Un responsable des renseignements américains accuse la Maison Blanche de lui avoir ordonné de cesser de faire remonter des informations sur l’ingérence russe dans l’élection présidentielle et de se concentrer sur l’Iran et la Chine à la place, dans une plainte dévoilée mercredi.

Chine et Iran à la place

Cette plainte, initiée par ce responsable nommé Brian Murphy, a été rédigée dans le cadre d’une procédure de «lanceur d’alerte», un format qui permet à un fonctionnaire normalement soumis à la confidentialité de faire connaître des agissements manifestement illégaux.

«Mi-mai 2020, M. Wolf (ministre de la Sécurité intérieure de Donald Trump, NDLR) a demandé à M. Murphy d’arrêter de faire remonter des rapports du renseignement sur la menace d’une interférence russe aux Etats-Unis, et à la place d’informer sur les interférences de la Chine et de l’Iran», a déclaré le lanceur d’alerte dans une plainte déposée en son nom par l’inspecteur général du ministère de la Sécurité intérieure.

«M. Wolf a déclaré que ces instructions venaient directement du conseiller à la sécurité nationale Robert O’Brien», ajoute le document.

Document officiel modifié

Selon les agences du renseignement américain, la Russie a interféré dans l’élection américaine de 2016, au profit du républicain Donald Trump, dont l’équipe de campagne a été accusée de collusion avec Moscou.
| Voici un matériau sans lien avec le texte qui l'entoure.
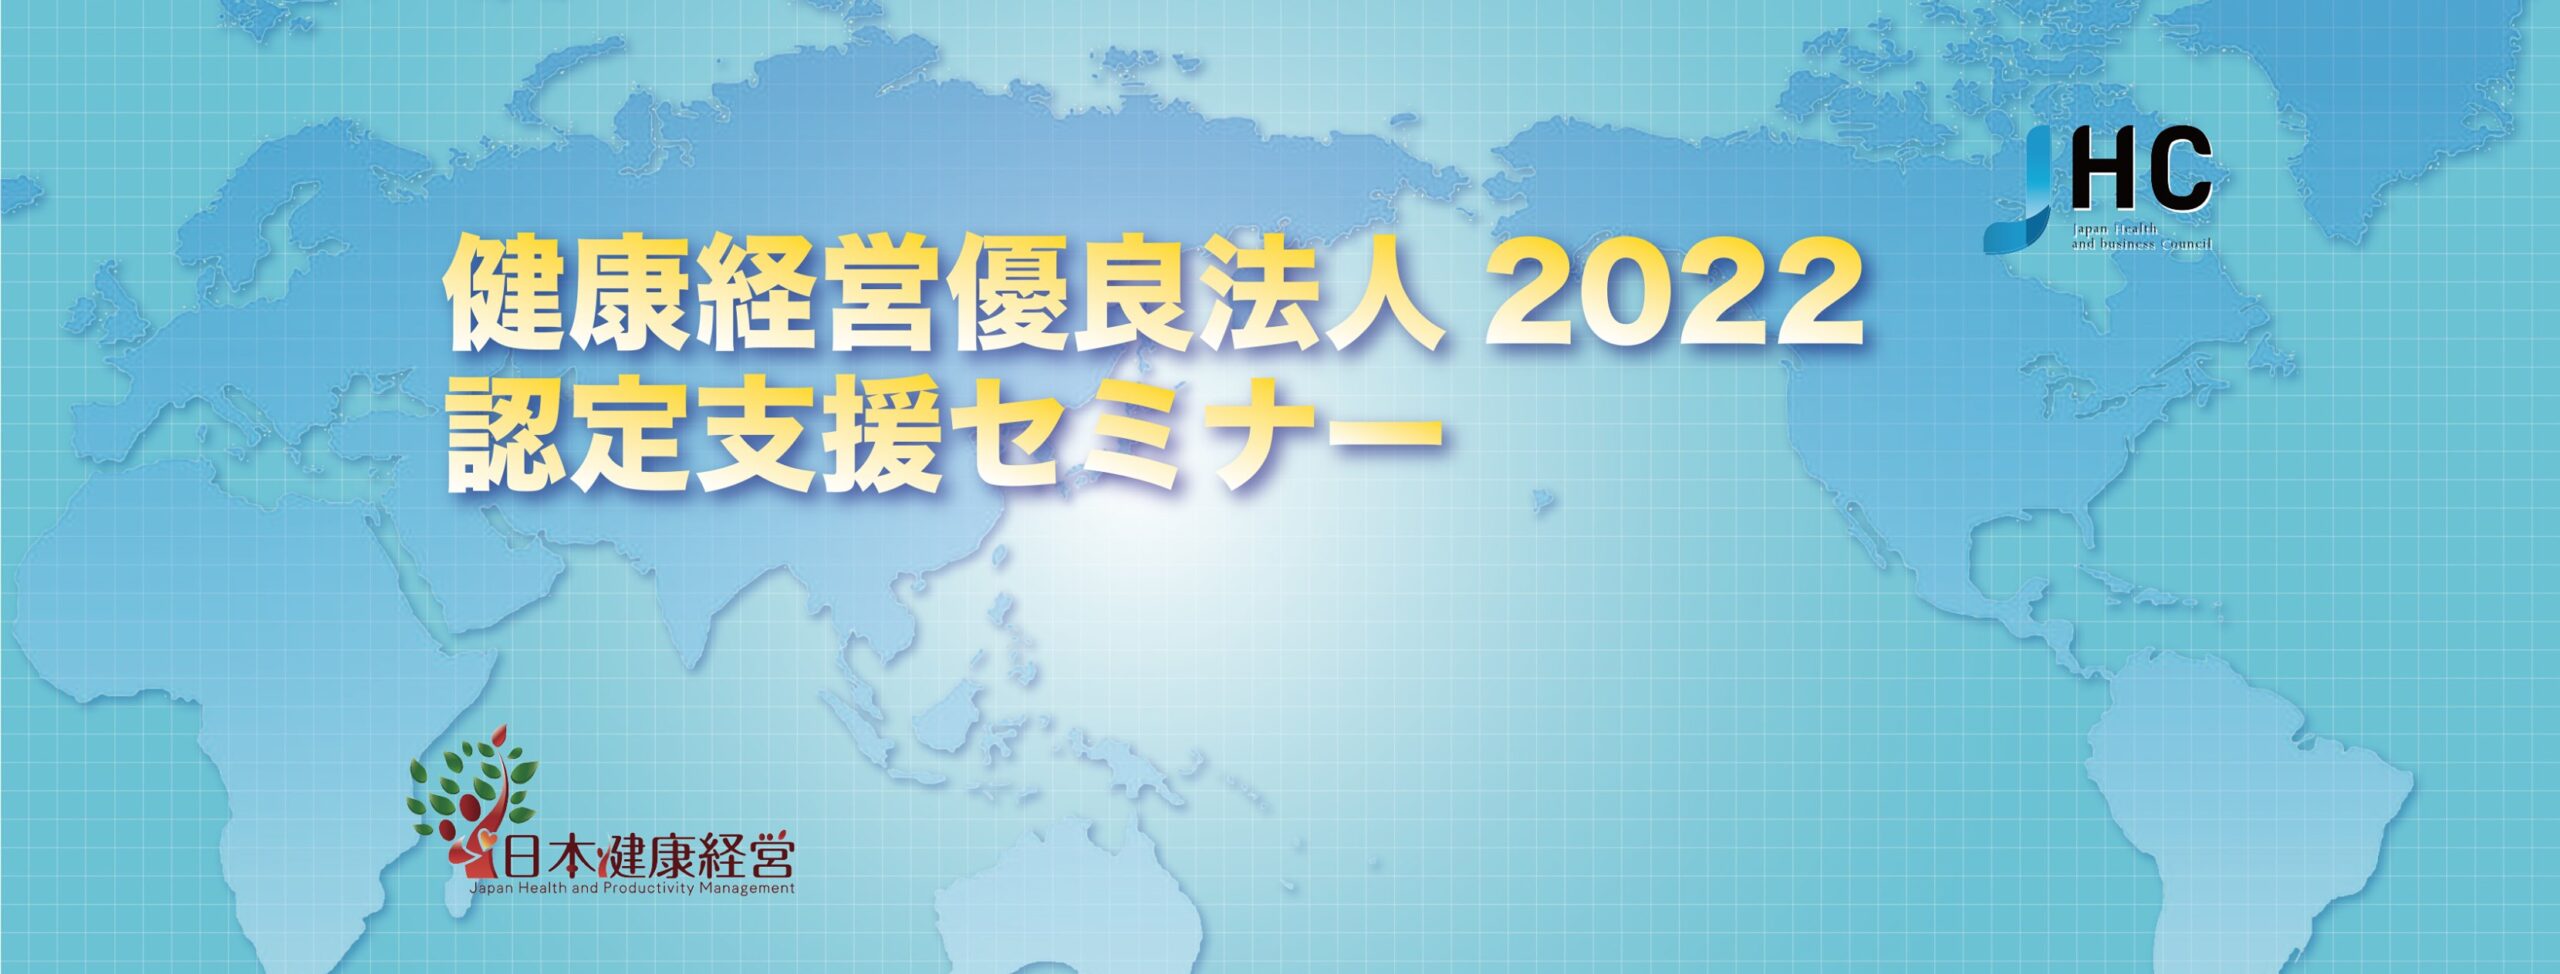 4/28(水)健康経営優良法人2022 認定支援Webセミナー

Au terme d’une longue enquête qui a empoisonné la première moitié du mandat du milliardaire new-yorkais, le procureur spécial Robert Mueller avait expliqué ne pas avoir trouvé de «preuves suffisantes» d’une entente entre la Russie et l’entourage du candidat Trump, mais avait décrit une série de pressions troublantes exercées sur son enquête.

Selon la plainte présentée mercredi, il avait été également demandé à M. Murphy de modifier un document officiel du renseignement américain sur les suprémacistes blancs «pour atténuer la dangerosité de cette menace et pour inclure des informations sur l’importance de groupes violents d’extrême gauche».